> [DIRECTIONS FOR THIS TASK] Under this line are records; the part from the line containing "Ameture Porn Queen" through the line containing "N. Raman, C." should be repeated exactly. Please exclude pictures.

> [DATA]
---+---

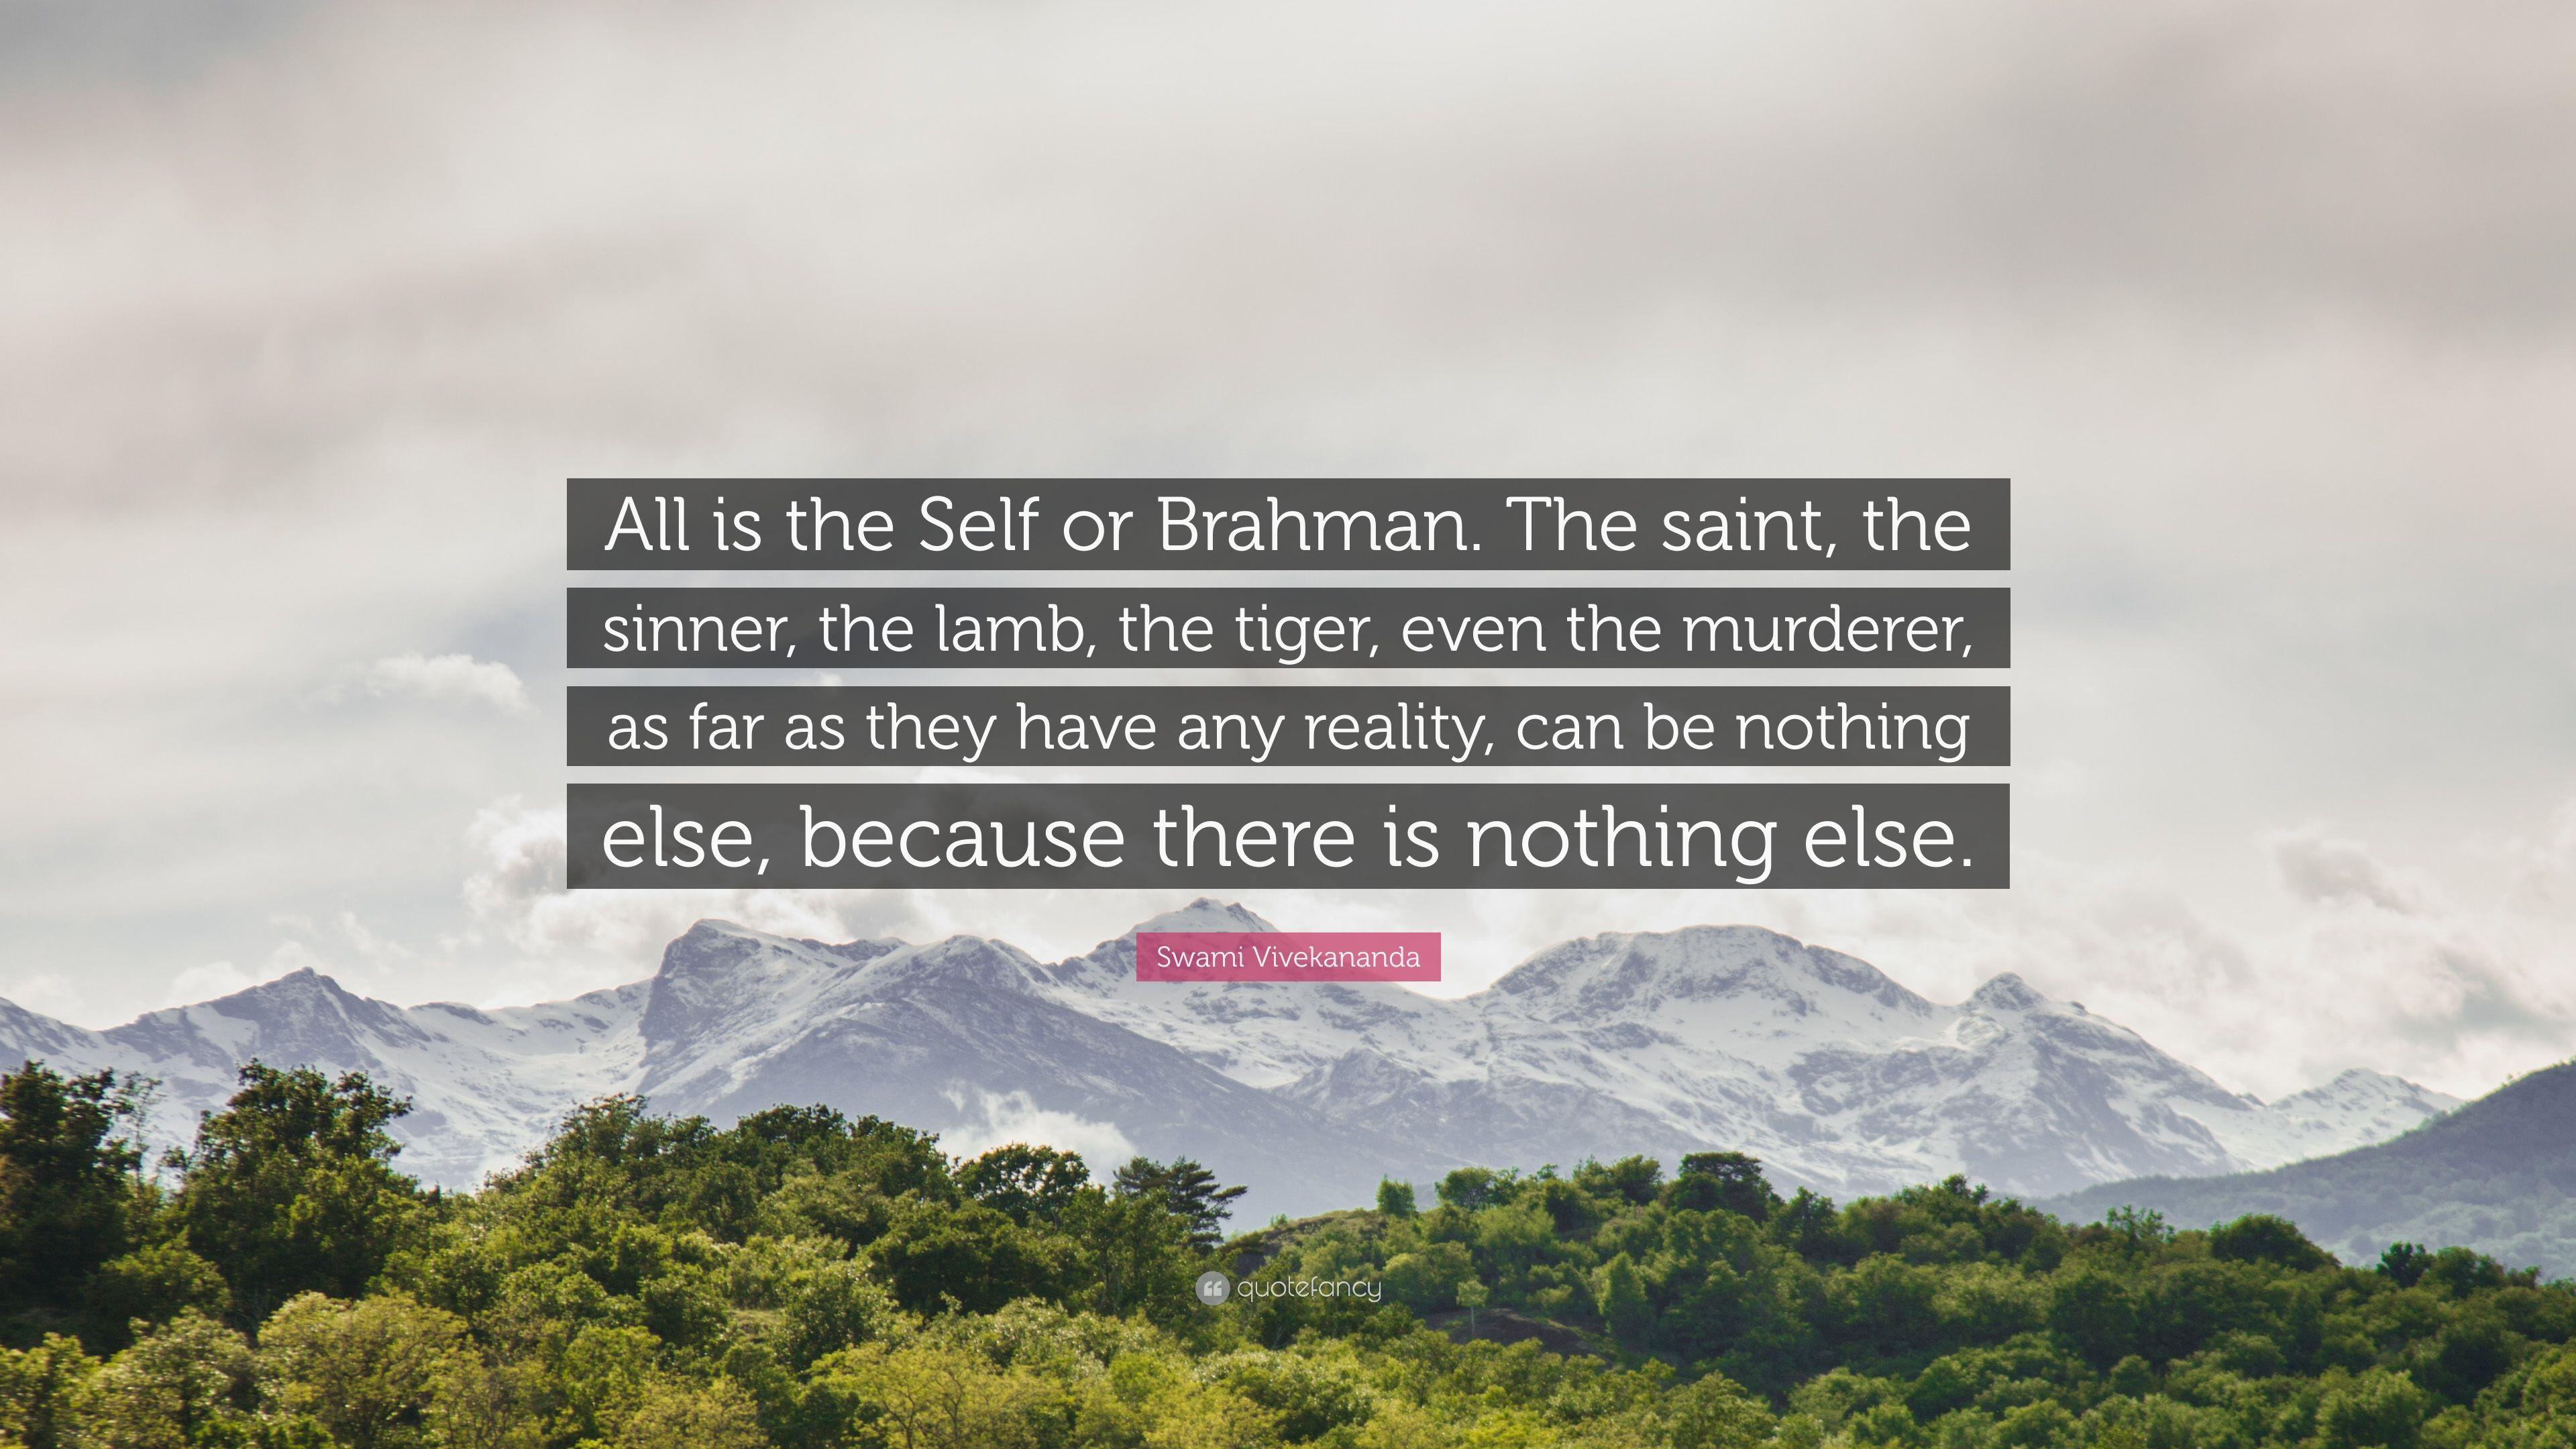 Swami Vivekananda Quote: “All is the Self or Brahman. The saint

---+---

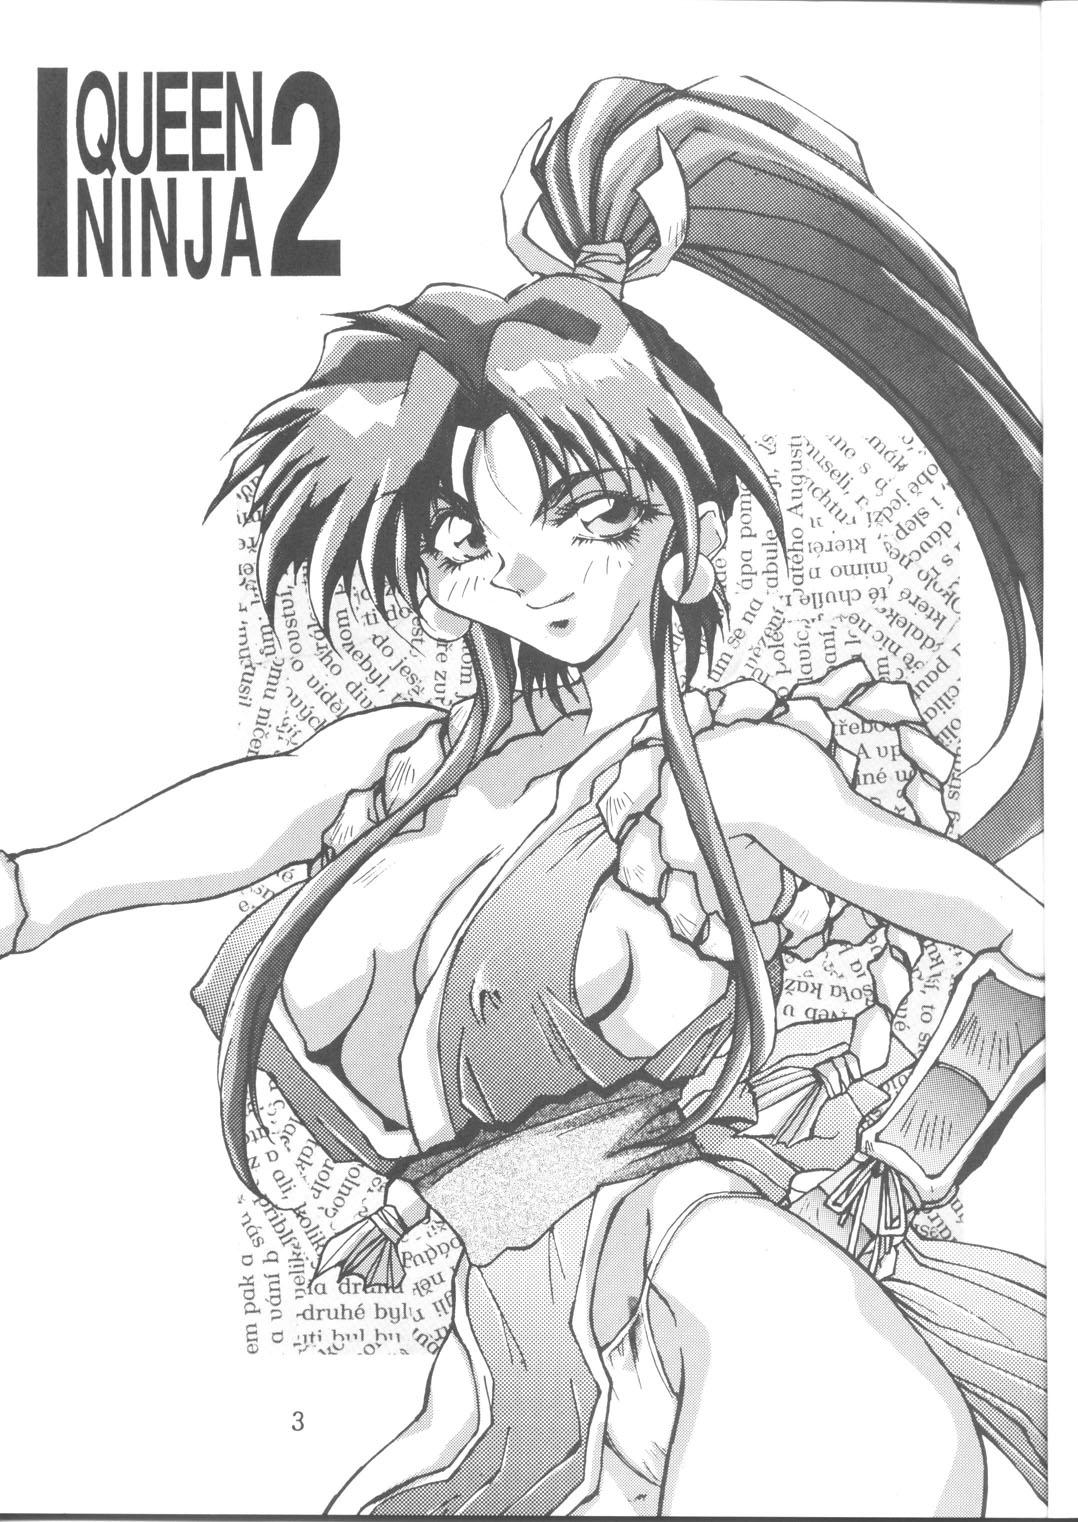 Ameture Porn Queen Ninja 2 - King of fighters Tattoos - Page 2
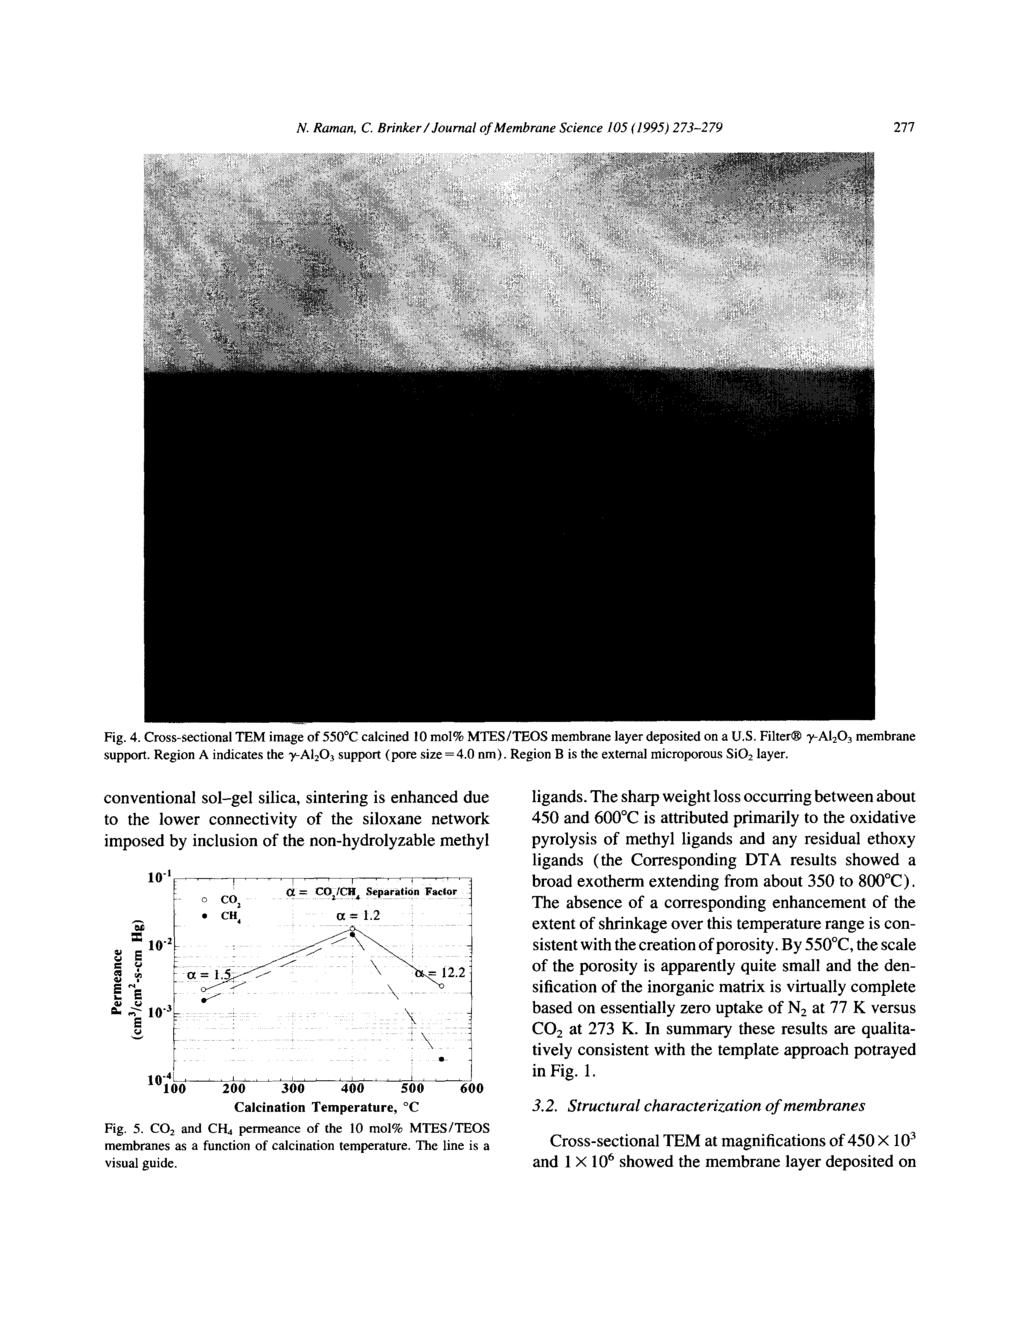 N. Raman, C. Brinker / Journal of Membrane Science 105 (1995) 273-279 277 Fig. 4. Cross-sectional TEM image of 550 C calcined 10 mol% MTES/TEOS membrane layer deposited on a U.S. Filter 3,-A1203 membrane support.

---+---

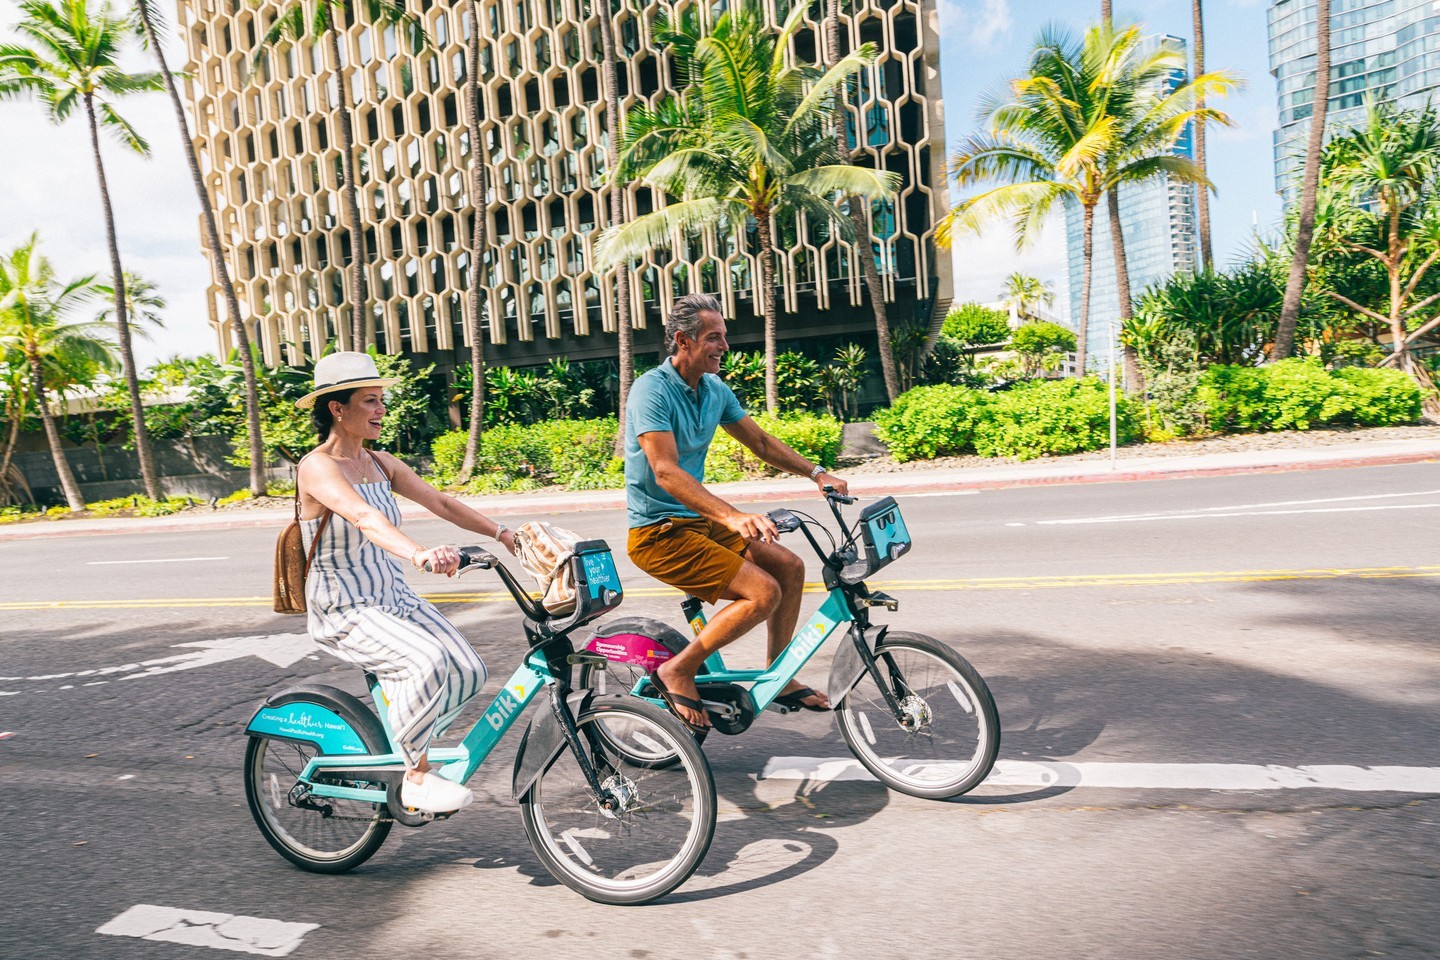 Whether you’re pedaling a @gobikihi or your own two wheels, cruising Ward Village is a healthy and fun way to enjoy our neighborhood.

---+---

> [RESPONSE]
 Ameture Porn Queen Ninja 2 - King of fighters Tattoos - Page 2
 N. Raman, C. Brinker / Journal of Membrane Science 105 (1995) 273-279 277 Fig. 4. Cross-sectional TEM image of 550 C calcined 10 mol% MTES/TEOS membrane layer deposited on a U.S. Filter 3,-A1203 membrane support.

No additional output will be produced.